Нововведение в редакторе. Вставка видео с Rutube и VK

Максим Максимыч из Хургады. Елистратов Владимир

10 428

Помните, как в старом добром новогоднем фильме? “Каждый год, 31 декабря, мы с друзьями ходим в баню…” Поход в баню мистически переходит в авиаперелет. Авиаперелет – в судьбу. Так вот, мы делаем это всё без бани. То есть каждый год, в конце декабря, мы с друзьями садимся в самолет и летим в Хургаду. Традиция у нас такая. Не надо никого сдавать в багаж вместе с вениками, есть заливную рыбу без хрена, прыгать, как зайчик, на морозе, чтоб не описаться, неэротично валяться на полу с Ипполитом, ждать, чтоб “тепленькая пошла”… Нет, здесь тепленькая идет всегда. Даже горяченькая.

В Хургаду мы прилетаем, как к себе домой. Все здесь свое, родное: бунгало, верблюды, море, песок, дохлые медузы, морские ёжики… Хорошо!

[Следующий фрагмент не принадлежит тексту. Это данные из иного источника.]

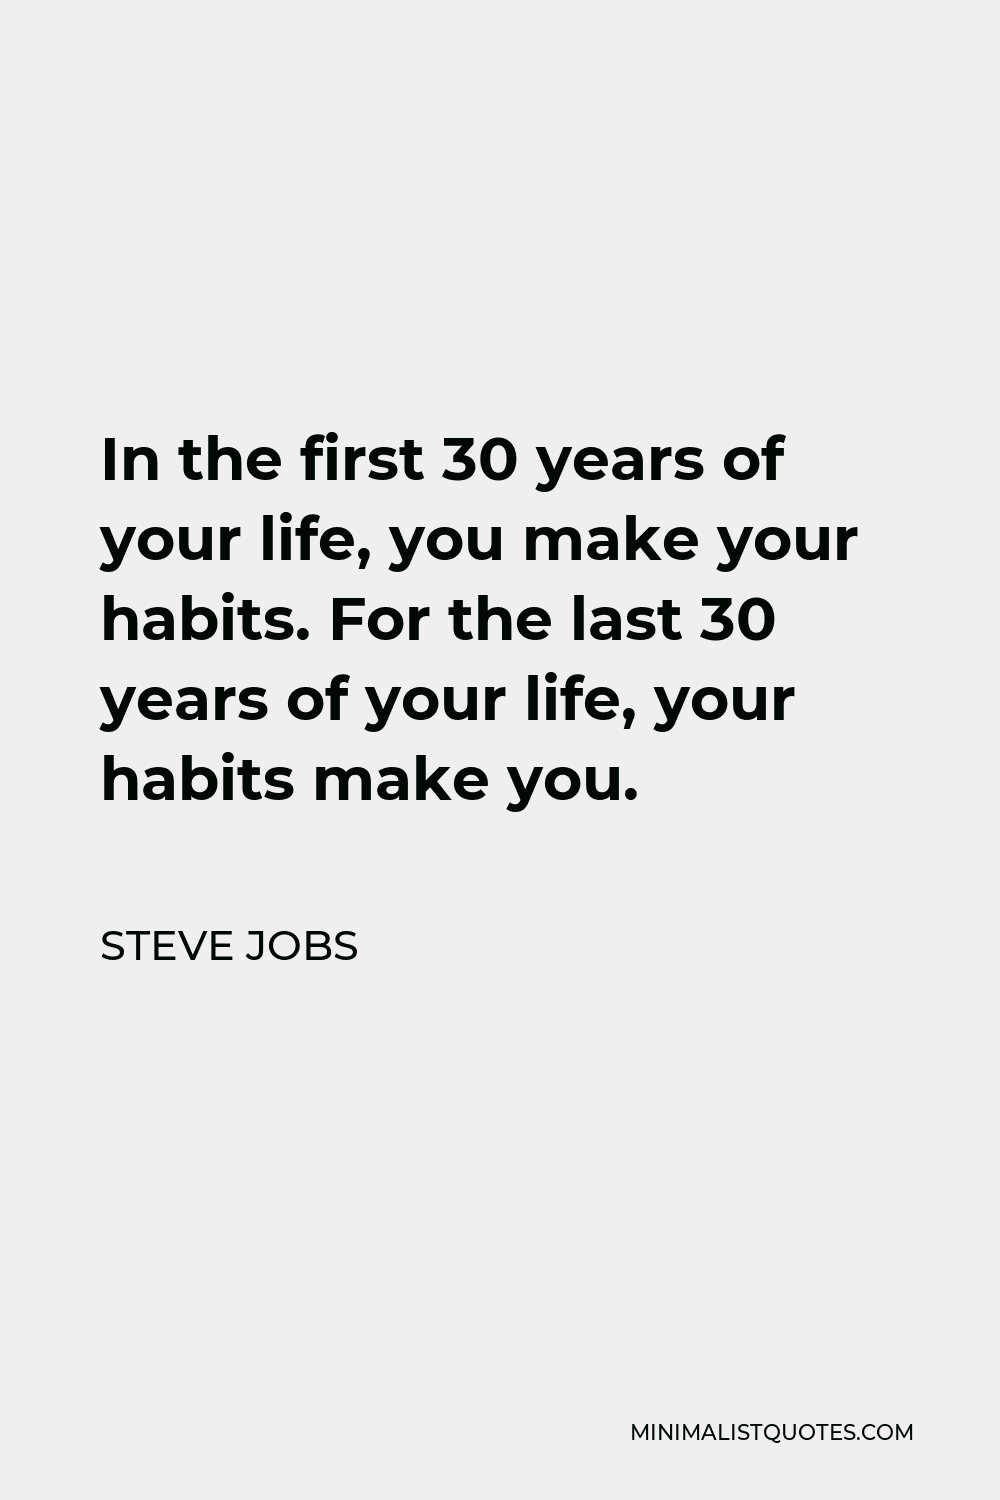 Steve Jobs Quote - In the first 30 years of your life, you make your habits. For the last 30 years of your life, your habits make you.
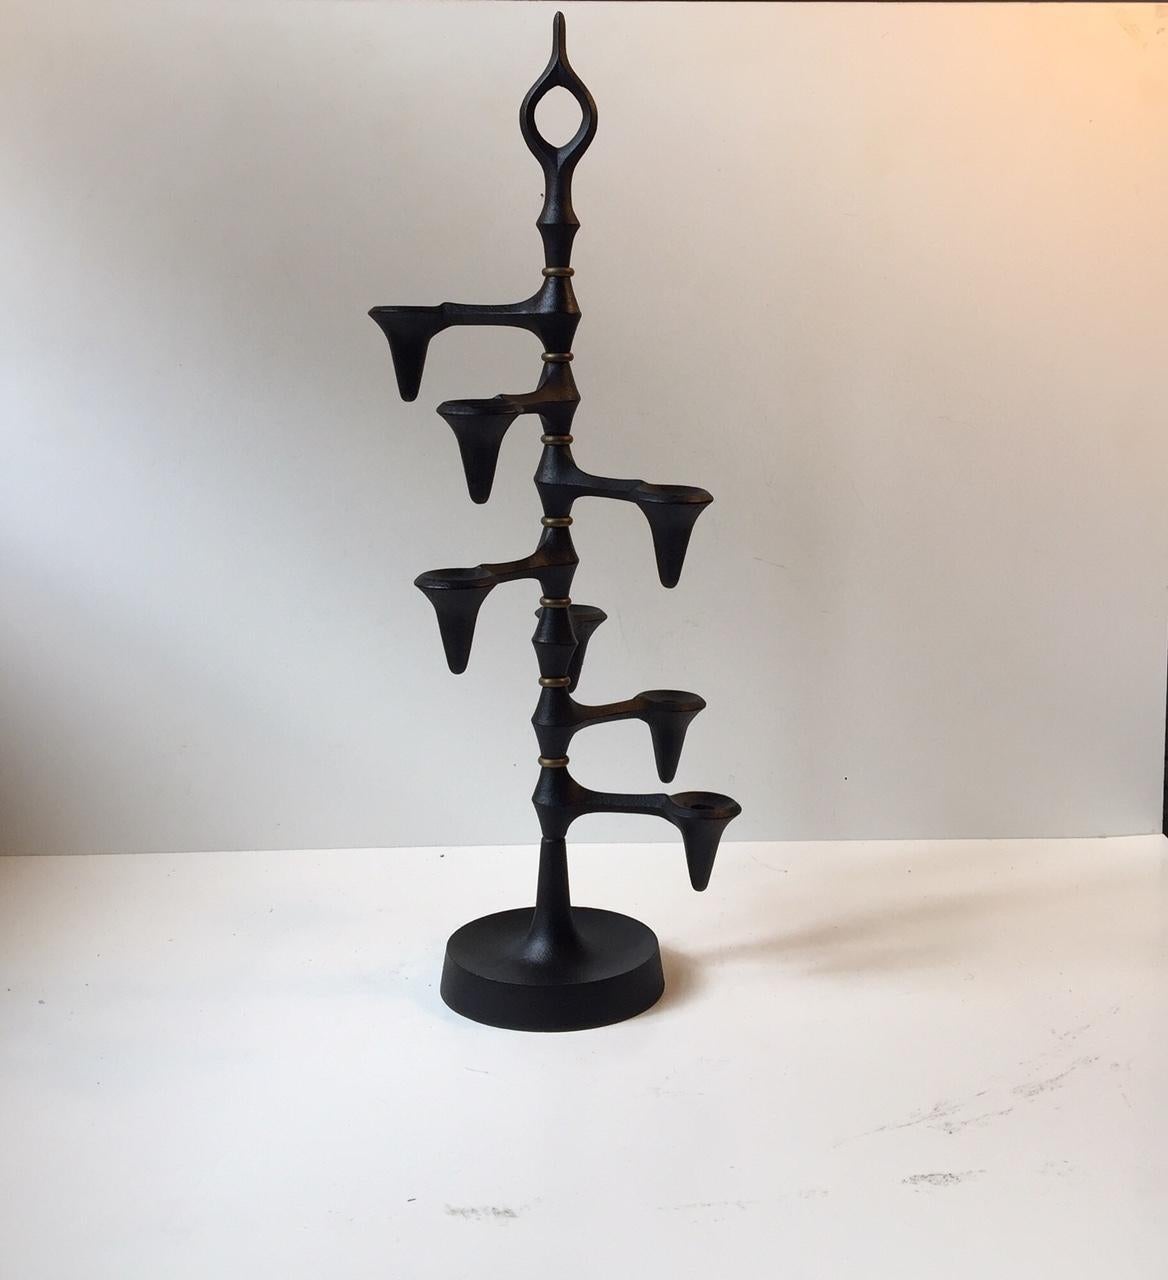 Large sculptural candleholder designed by Jens Harald Quistgaard. Manufactured by IHQ Danish Design in the 1960s in Denmark. Made of black lacquered cast iron and features seven rotating/adjustable holders for candles separated by brass rings. The

И каждый год в Хургаде мы встречаем нашего доброго знакомого – Максима Максимыча, замечательного человека, о котором просто грех не рассказать.

Когда я познакомился с Максим Максимычем, и Максим Максимыч сказал, что его зовут Максим Максимыч, я вздрогнул.

Передо мной сидел натуральный лермонтовский Максим Максимыч из “Героя нашего времени”. Пожилой, седой, загорелый, бывалый, спокойный, мудрый. Не буду тратить времени на портрет. Перечитайте Лермонтова, не пожалеете.

Дело было, как я уже сказал, в Хургаде. Это сейчас Хургада – что-то вроде Судака или Алупки. А тогда туристическая эйфория только разгоралась. Я был в Египте в первый раз. Арабский мир казался совершенно марсианским: минареты, похожие на НЛО, вопли муэдзина – словно голос наших космических братьев по разуму, верблюды с их доисторической конфигурацией и совершенно вселенским спокойствием, абсолютно наркотическая музыка. И – Максим Максимыч. С его женой Пелагеей Ананьевной, добрейшей женщиной, очень любящей выпечку. С Максим Максимычем они вместе прожили уже сорок лет. Она звала его “Максимыч ты мой”, а он её – Пелагеюшкой.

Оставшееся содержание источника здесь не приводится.